We can nest function calls, one within another,

```{r}
average_tumour_size <- round(mean(tumour_sizes), digits = 1)
average_tumour_size
```

but this can make for code that is difficult to read. Usually it is better to
keep things simple even if you end up with code that is more verbose.

```{r}
average_tumour_size <- mean(tumour_sizes)
average_tumour_size <- round(average_tumour_size, digits = 1)
average_tumour_size
```

# Extracting subsets from vectors

One of the operations we do frequently is to select subsets of our data that are
of particular interest.

To select one or more values from a vector we need to provide the index or
indices within square brackets.

```{r}
tumour_sizes[3]
```

```{r}
tumour_sizes[c(1, 4, 5)]
```

It is also quite common to extract a range of values using the `:` operator.
The `:` operator creates a sequence of integer numbers.

```{r}
2:4
tumour_sizes[2:4]
```

## Conditional subsetting

Another way of subsetting a vector is to use a logical vector.

```{r}
selected <- c(TRUE, FALSE, FALSE, TRUE, TRUE)
tumour_sizes[selected]
```

You may be thinking that this seems very abstract and questioning why it would
ever be useful. But actually, it is probably the most commonly used way of
selecting values of interest from a vector.
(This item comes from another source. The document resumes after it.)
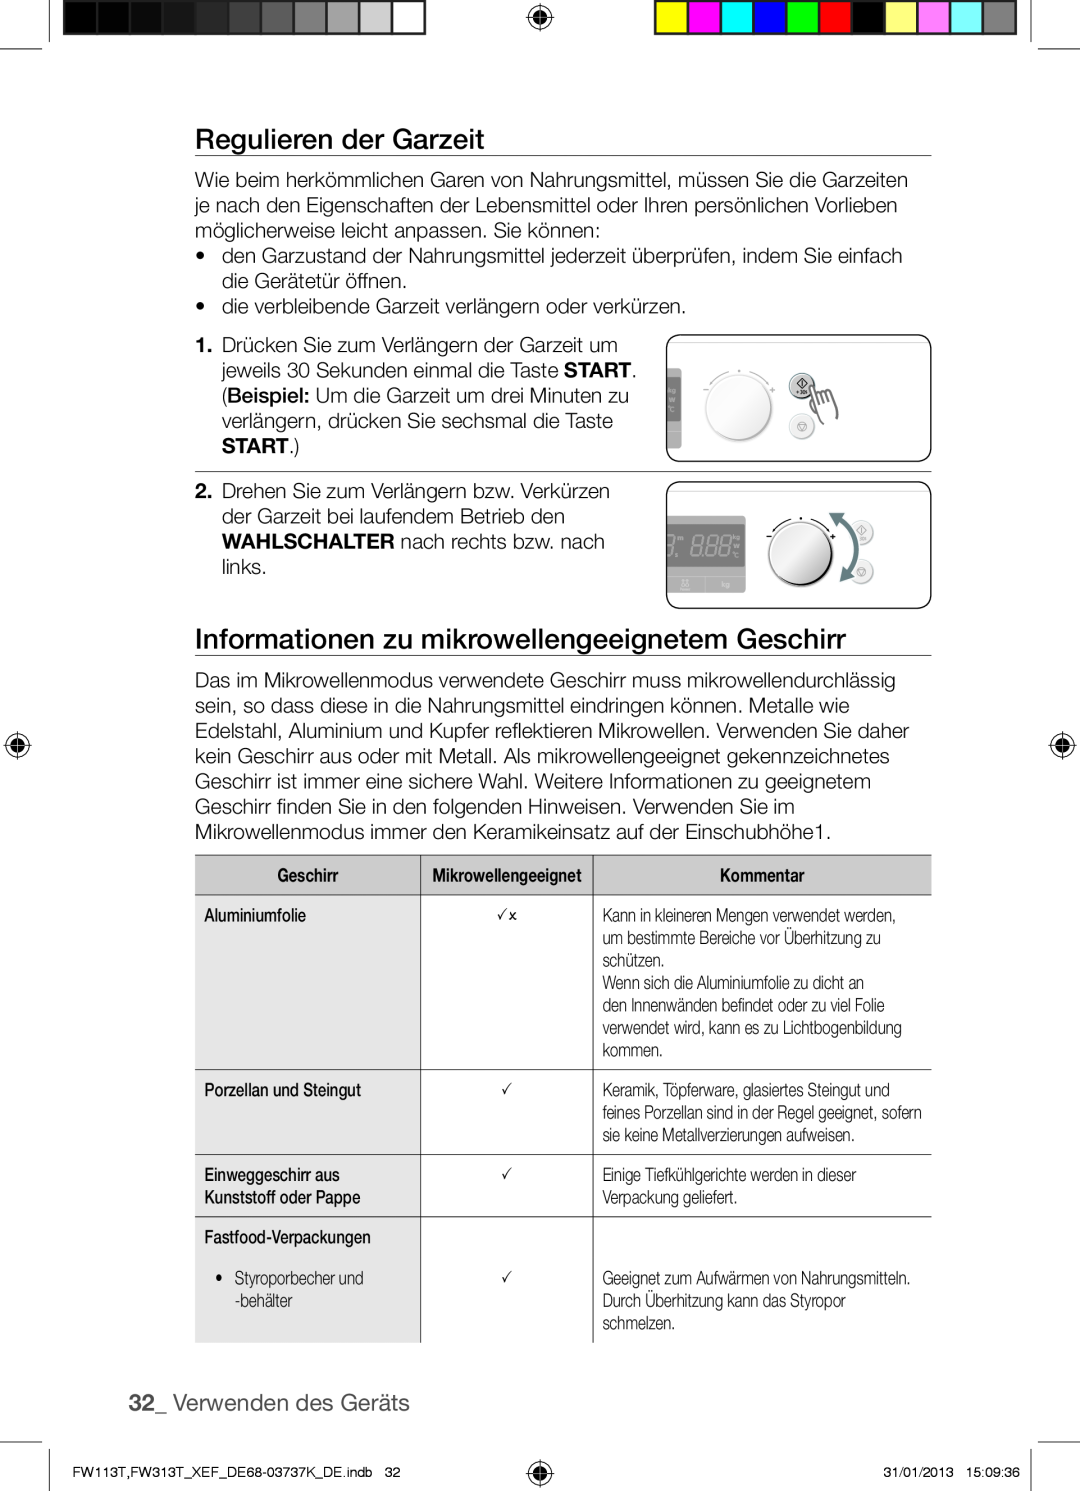 Samsung FW113T002/XEF manual Regulieren der Garzeit, Informationen zu mikrowellengeeignetem Geschirr, Verwenden des Geräts 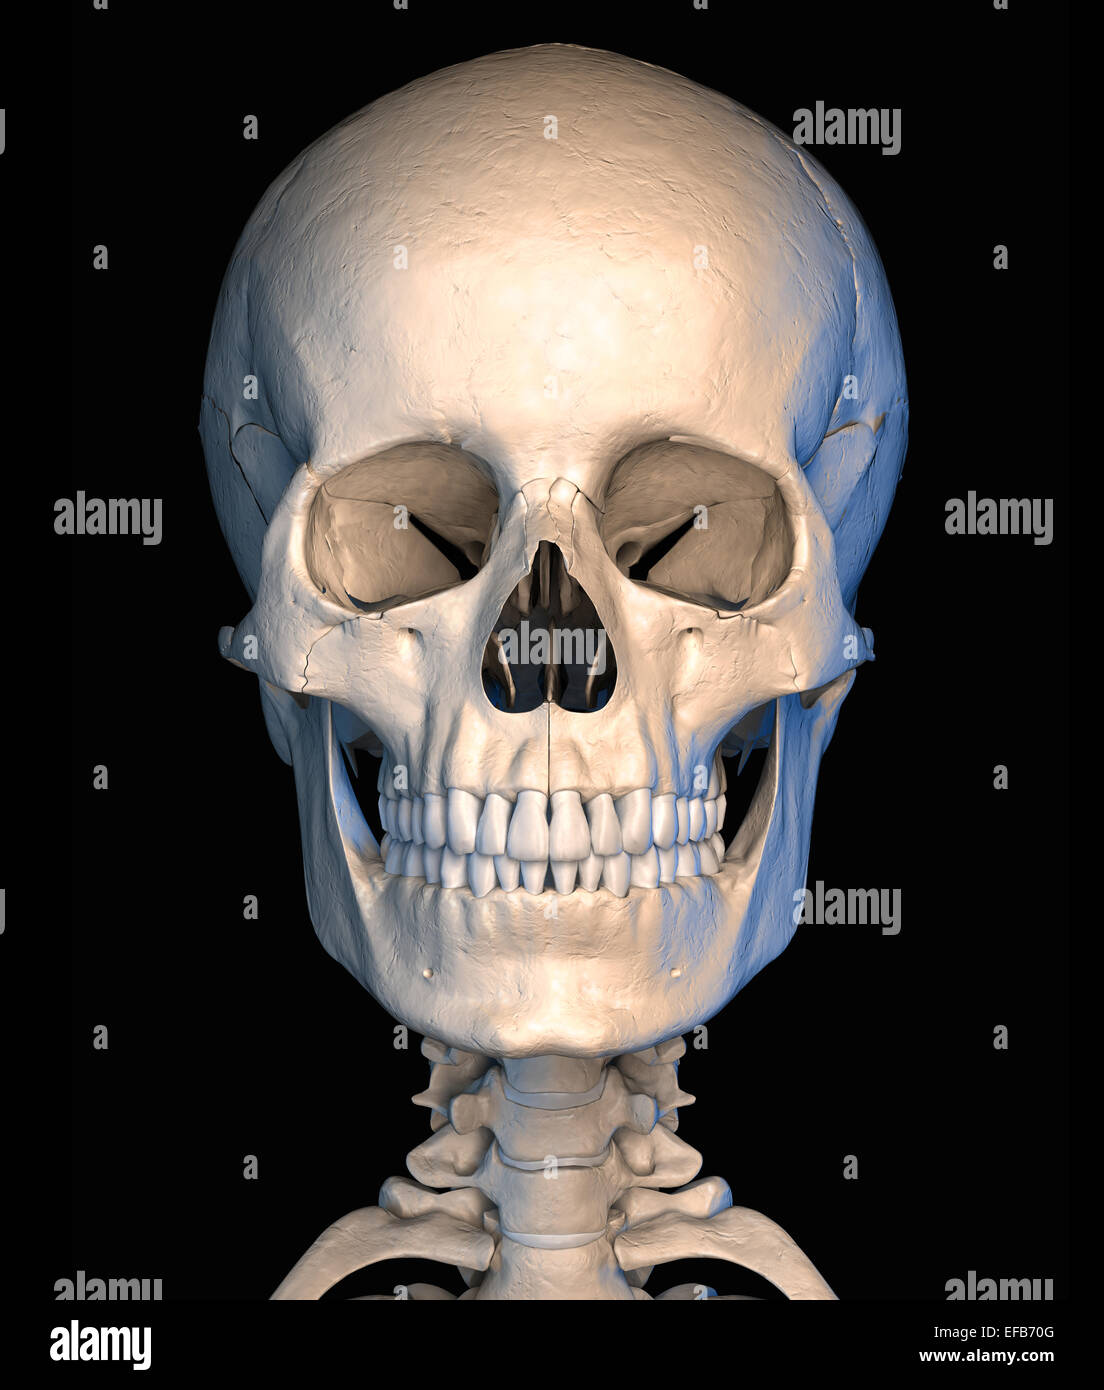 Très détaillé et scientifiquement correctes, crâne humain, vue de face, sur fond noir. Anatomie de l'image. Chemin de détourage inclus. Banque D'Images

Recall how we used the `>` operator to create a logical vector corresponding to
those tumours with a size greater than 30mm. We can use that to extract the
sizes of those tumours.

```{r}
tumours_larger_than_30mm <- tumour_sizes > 30
tumour_sizes[tumours_larger_than_30mm]
```

In practice, we wouldn’t really create a variable containing our logical vector
signifying which values are of interest. Instead we’d do this in a single step.

```{r}
tumour_sizes[tumour_sizes > 30]
```

Other logical operators include `==` (equal to), `!=` (not equal to), `<` (less
than), `<=` (less than or equal to) and `>=` (greater than or equal to).

We can combine logical operations using `&` and `|` operators which are the R
versions of the AND and OR operations in Boolean algebra but which are applied
to vectors.

For example, we could obtain the sizes of tumours that are between 27.5mm and
30mm.

```{r}
tumours_of_interest <- tumour_sizes >= 27.5 & tumour_sizes <= 30
tumour_sizes[tumours_of_interest]
```

Or in a single command:

```{r}
tumour_sizes[tumour_sizes >= 27.5 & tumour_sizes <= 30]
```

# Modifying vectors

We can add new values to a vector using the `c()` function.

```{r}
tumour_sizes <- c(tumour_sizes, 31.92, 24.11)
tumour_sizes
```

We can also combine two or more vectors in the same way.

```{r}
more_tumour_sizes <- c(26.34, 29.93)
tumour_sizes <- c(tumour_sizes, more_tumour_sizes)
tumour_sizes
```

One of more values in a vector can be changed using the same subsetting
operations we used before but this time assigning new values to the subset.

```{r}
tumour_sizes[3] <- 33.67
tumour_sizes
```

```{r}
tumour_sizes[c(2, 6, 7)] <- c(29.58, 25.55, 34.51)
```

```{r}
tumour_sizes[4:6] <- c(31.83, 25.99, 27.24)
```

# Missing values

Missing values are quite common in scientific data and R has a way of handling
these using the special value, `NA`, which stands for 'not available'.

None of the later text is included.